13-CV-4028-DEO, Docket No. 71, p. 1-2.

Mr. Scott's two cases are scheduled for a combined trial date at the end of this month.[1] The Defendants resist the Plaintiff's request to continue the trial and hold open the pending Motion for Summary Judgment in 13-CV-4028-DEO. In their Resistence, the Defendants argue that 1) these cases have been on the docket for quite some time; 2) these new' witnesses were previously discoverable; and 3) the new' witness(es) are not direct medical provider(s) so the new information is, at best, tangentially related to the issues set for trial.

This is an unusual situation. Although surprise witnesses are common in fiction related to the practice of law, they are relatively uncommon in real life. Accordingly, there is no universal way of handling this development. The Defendants argue that the new witness(es) are not direct healthcare providers so their information is likely of minimal value. However, the identity of and information from the new witness(es) is not presently before the Court. Assuming for the sake of argument that the new witnesses are not direct health care providers, the Court notes that the entire CCUSO facility is in the business of treating mental health issues. Many of CCUSO patients also have underlying physical health issues. Thus, it is easy to contemplate a situation where witnesses who are not direct providers may still have relevant medical information. Additionally, although it is possible that these witnesses were previously discoverable, it is also possible that their willingness to testify is new. As was set out above, motions to continue are within the discretion of the Court. There is no doubt that a new whistle-blower' type witness will complicate these cases. Both sides are left to deal with the surprise' and must assess the new information and adjust their trial strategies. If there is new information helpful to the Plaintiff, he needs time to investigate it. If the Plaintiff believes new information is relevant, the Defendants may well need to move to exclude it. Although waiting for trial to explore this new evidence may be more exciting, it is not in the best interest of anyone. Accordingly, the Court is persuaded that the interest of justice requires that the trial be continued.

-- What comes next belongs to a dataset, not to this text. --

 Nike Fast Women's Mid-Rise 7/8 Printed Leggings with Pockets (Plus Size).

The Court further notes that there is little potential harm to either side by continuing the currently scheduled trials. Both the Plaintiff and the Defendants have petitioned the Court in emergencies in the past, and are free to do so in the future, if a life threatening situation develops. In the interim, the best practice is to allow the parties to develop the record and explore the information provided by the new witnesses.

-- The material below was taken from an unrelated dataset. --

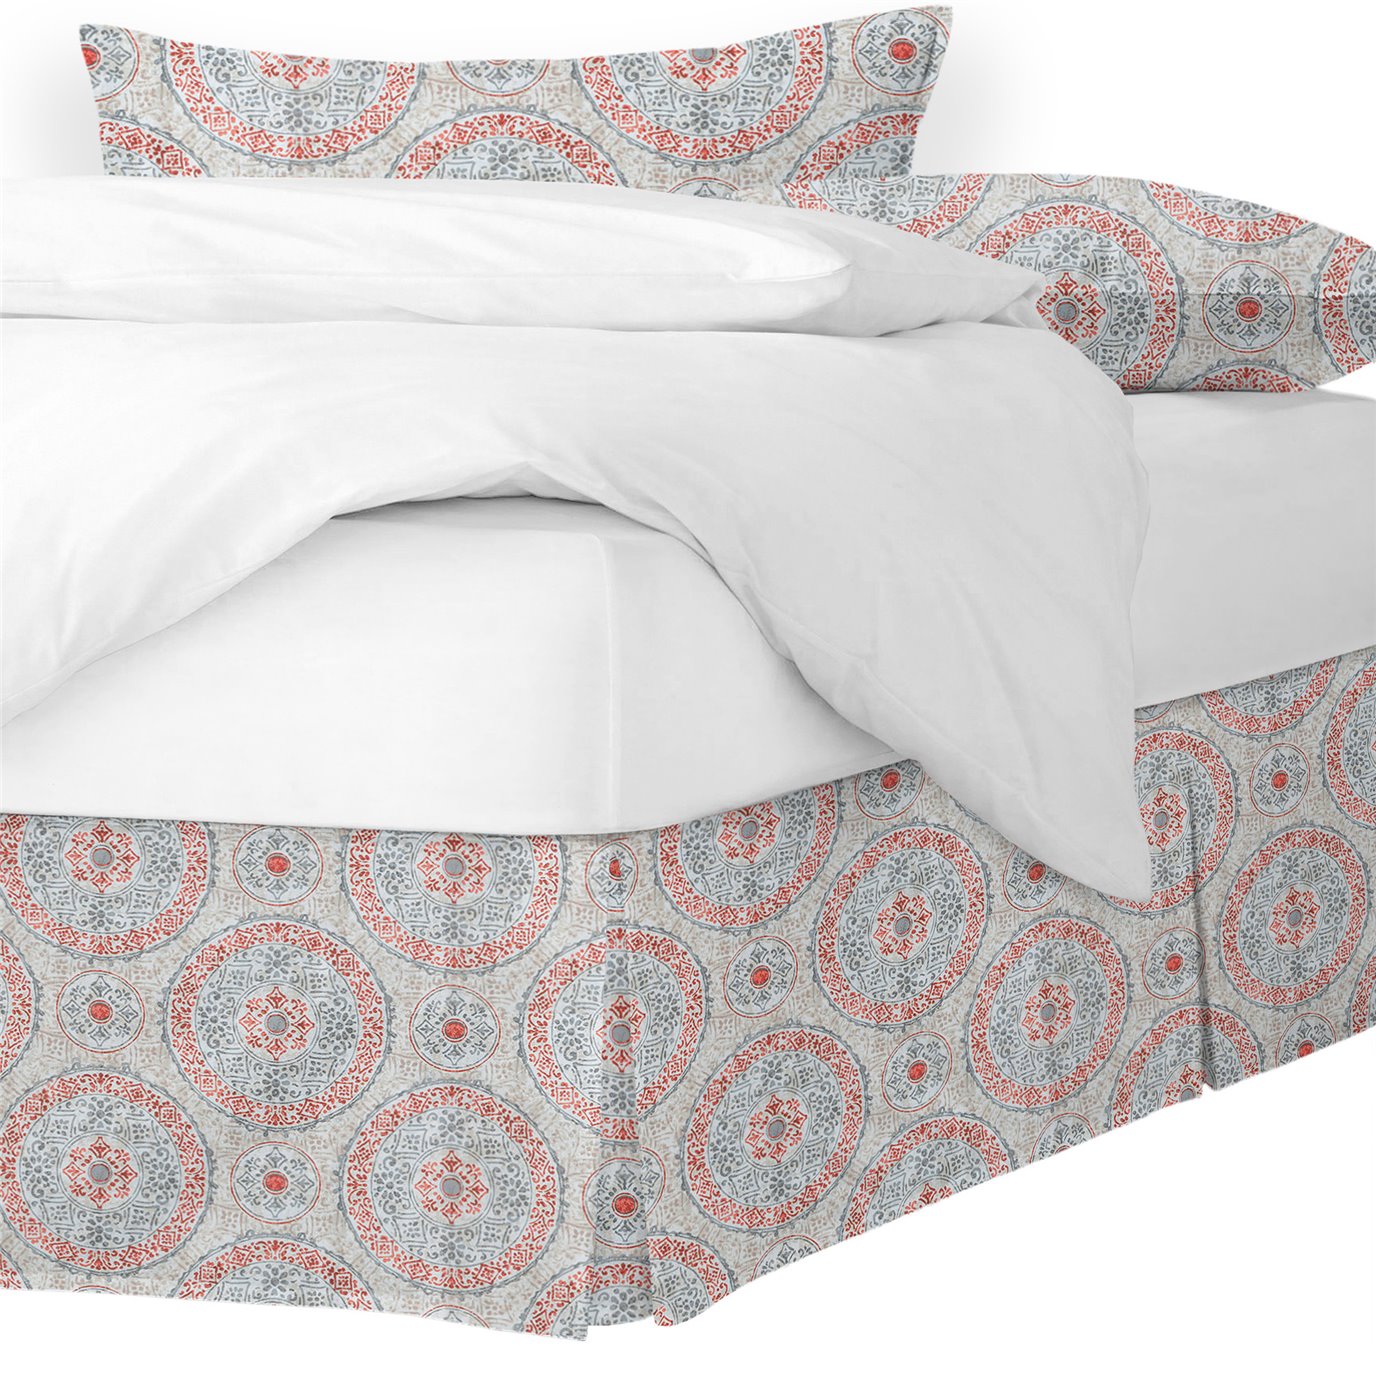 Zayla Coral King Bed Skirt 15" drop

For the same reasons, the Court will open discovery in 13-CV-4028-DEO and extend the deadline for amending the dispositive motion(s) and the responce(s). This additional time is necessary to allow the non-moving Plaintiff an opportunity to explore the surprise cooperating witness. The risk of prejudice to either party seems very small, especially in light of the fact that the hearing on the original Motion for Summary Judgment was held only a few weeks ago.

The parties will have 60 days from the date of this Order to conduct additional discovery. Amendments to the currently pending Motion for Summary Judgment, 13-CV-4028-DEO, Docket No. 59, will be due two weeks later, and supplements to the Resistence, 13-CV-4028-DEO, Docket No. 64, will be due two weeks after that.


The Plaintiff's Motions to Continue (See 11-CV-4055-DEO, Docket No. 97 and 13-CV-4028-DEO, Docket No. 71) are GRANTED.

The parties are directed to confer with Magistrate Judge Strand's chambers and agree on a new trial date between 120 and 150 days from the date of this Order. The Magistrate Judge will then file an Amended Trial Management Order setting out the new deadlines discussed above.